Tuesday, May 19th, 2009 10:42 pm (UTC)
At what point do you finally admit that the technology is disruptive to your business model, and you need to adapt or die? (Embracing it seems to be a non-starter.)
Wednesday, May 20th, 2009 12:16 am (UTC)
At this point, I don't believe that the entertainment industry as it now exists can.
Wednesday, May 20th, 2009 03:50 am (UTC)
Perhaps that is because they've spent so many millions of dollars buying changes in copy-wrong laws to "protect their right to profit off of their investments".
Wednesday, May 20th, 2009 04:02 am (UTC)
The problem is that they are starting to lose artists willing to publish under their regime. When they can't control output, and they can't get talented input, it won't matter how many laws they have changed.
Wednesday, May 20th, 2009 04:12 am (UTC)
Thus be it always unto tyrants (or in this case, union leaders).

Of course, I realize that unions DO have their place, but what went wrong (IMHO) was that they out-lived their purpose, and had no other purpose, so they became a paper tiger hiding a toothless parasite.
Tuesday, May 19th, 2009 11:20 pm (UTC)
What's wrong with wanting something now?

Wednesday, May 20th, 2009 12:15 am (UTC)
BAD CONSUMER! Sony will tell you what you want, when you want it, and where you want to watch/listen to it. You exist to serve Sony and FOR NO OTHER REASON, so don't go getting radical terroristic ideas like free will. All will is Sony's. So-called free will is THEFT!
Wednesday, May 20th, 2009 04:57 am (UTC)
I did laugh. :) But sorry Mo if they were Borg they'd steal all the GOOD tech. :-P This disqualifies Microsoft as well as they only steal from or eat the weak.

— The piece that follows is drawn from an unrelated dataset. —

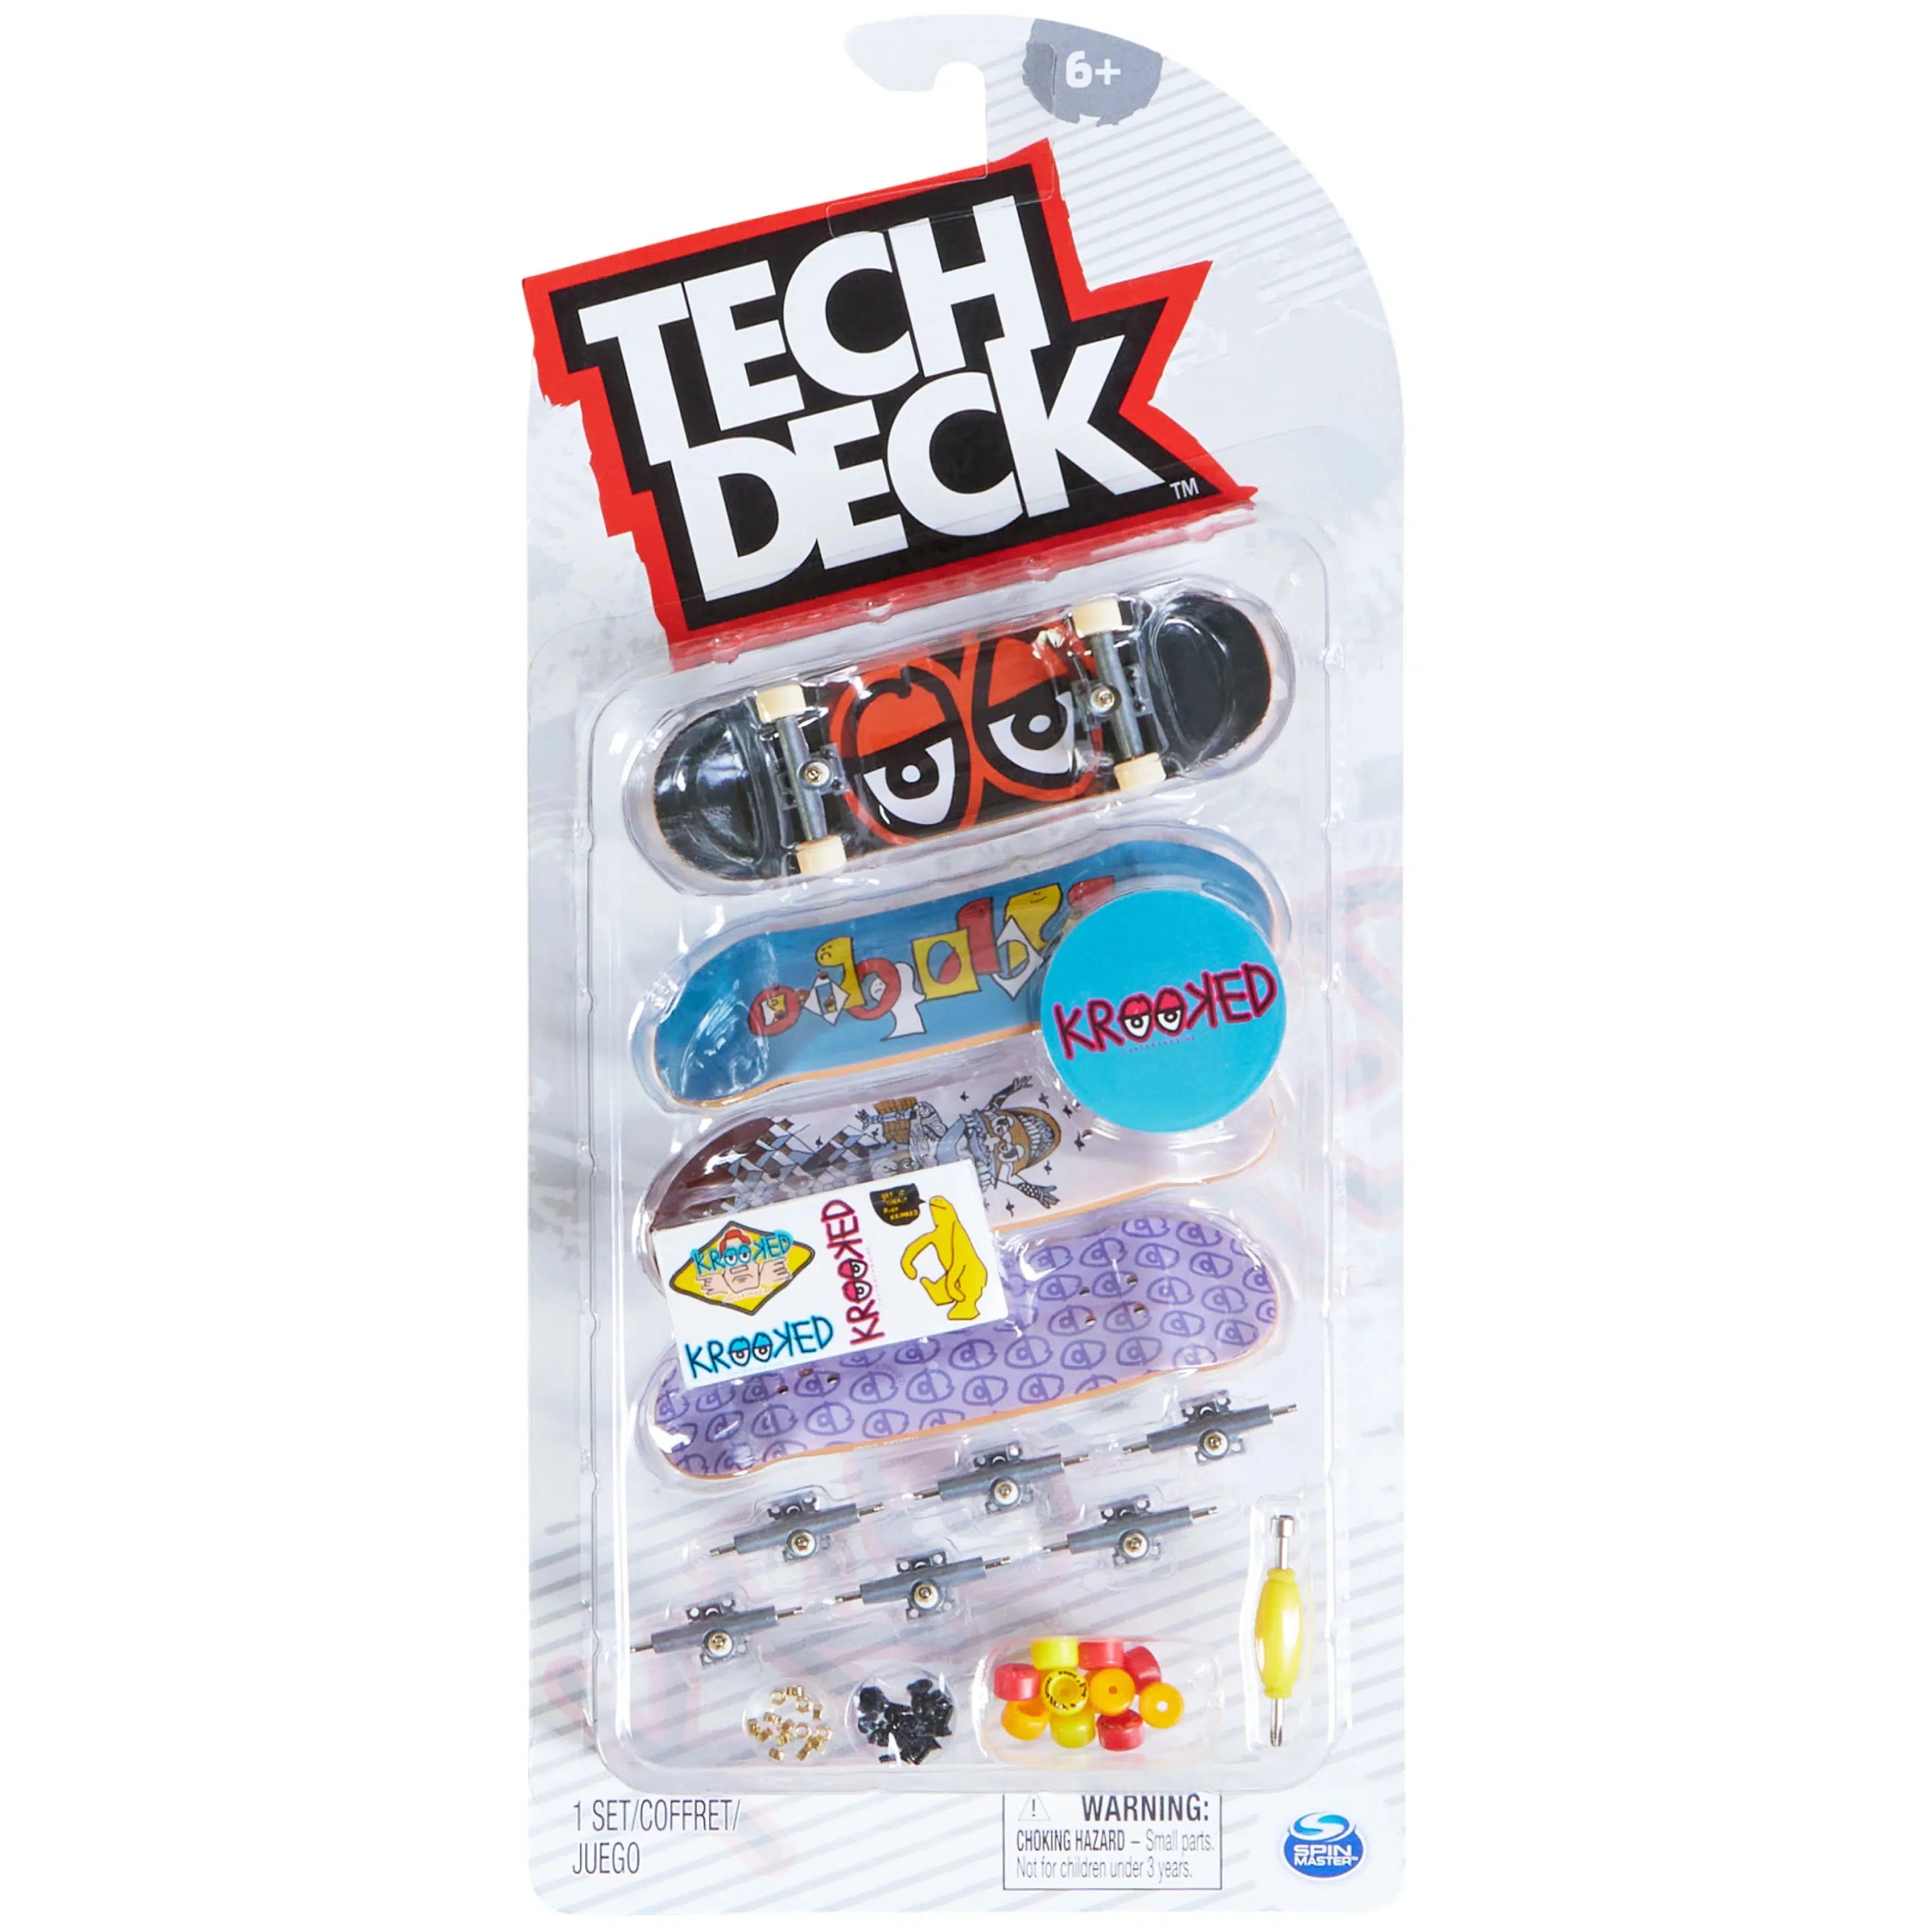 Fingerskate Tech Deck Pack Of 4 Skates

I know this can't be because Sony threw enough money at blu-ray adopters to get it made the whirled standard that they should be in jail for bribery or elected president. blu-ray is a locked down techie hating standard just like DVD but on nazi supers soldier drugs.

I know this can't be because their tech SUCKS. They have fallen hard and really don't even have a name anymore. The pinnacle of their products was pre-95-97. They started farming out their 'lesser' products to any third world country they could.

I recall buying a brand new Sony picture tube and installing it for a customer only to have it die just after the warranty on it expired.

I recall buying a US remanufactured picture tube done in Kentucky and the person still had it running well in 2000 some 5 years after I'd installed it. Same model Sony set and installed approximately the same year In both cases I gave the customers the option of a New Sony or a rebuilt one.

I recall going into Circuit City sometime after 2000 and being shocked at the lousy quality of their televisions. When a Samsung and a Sony sit side by side and the Sony is the one you ignore they've failed.

In 1983 I bought a Sony TV from Circuit City. It was 700 dollars plus tax. I carried it up four floors because the elevator was broken and finally got to my barracks room. I had that television until around 99. As of 2000 or so it was still working.

Yea, I was a fan....

Wednesday, May 20th, 2009 01:31 pm (UTC)
Their monitors went to hell as well. I have a Sony GDM-500PS that I bought sometime back in the 90s that is still working fine. I also have a much newer GDM-5410 (full deflection, totally flat screen) that was new in box when I got it in 2005; by 2007-2008, the black level had drifted to the point that black was medium grey and everything on screen was faded and washed out. Last year, I found a technique whereby with some not-publicly-available software, and a specially made cable, and a little trial and error, it's possible to recalibrate the black level somewhere back close to factory specs. I did so, and managed to get at least fairly decent blacks back, at the cost of some brightness and saturation. By this Spring it had drifted back to where I started. I'm told it's a design flaw in the entire Sony FD line, and they all do it. Sony used to make excellent VCRs, too; they still sell one or two models, but they're cheap plastic crap.
Wednesday, May 20th, 2009 11:00 pm (UTC)
You could possibly find someone with a Sencore picture tube rejuvinator that actually has the adapter for that. I think they were or are the last manufacturer of those. They were also the best. It's around 50+ to get it done, spendy and you pay up front.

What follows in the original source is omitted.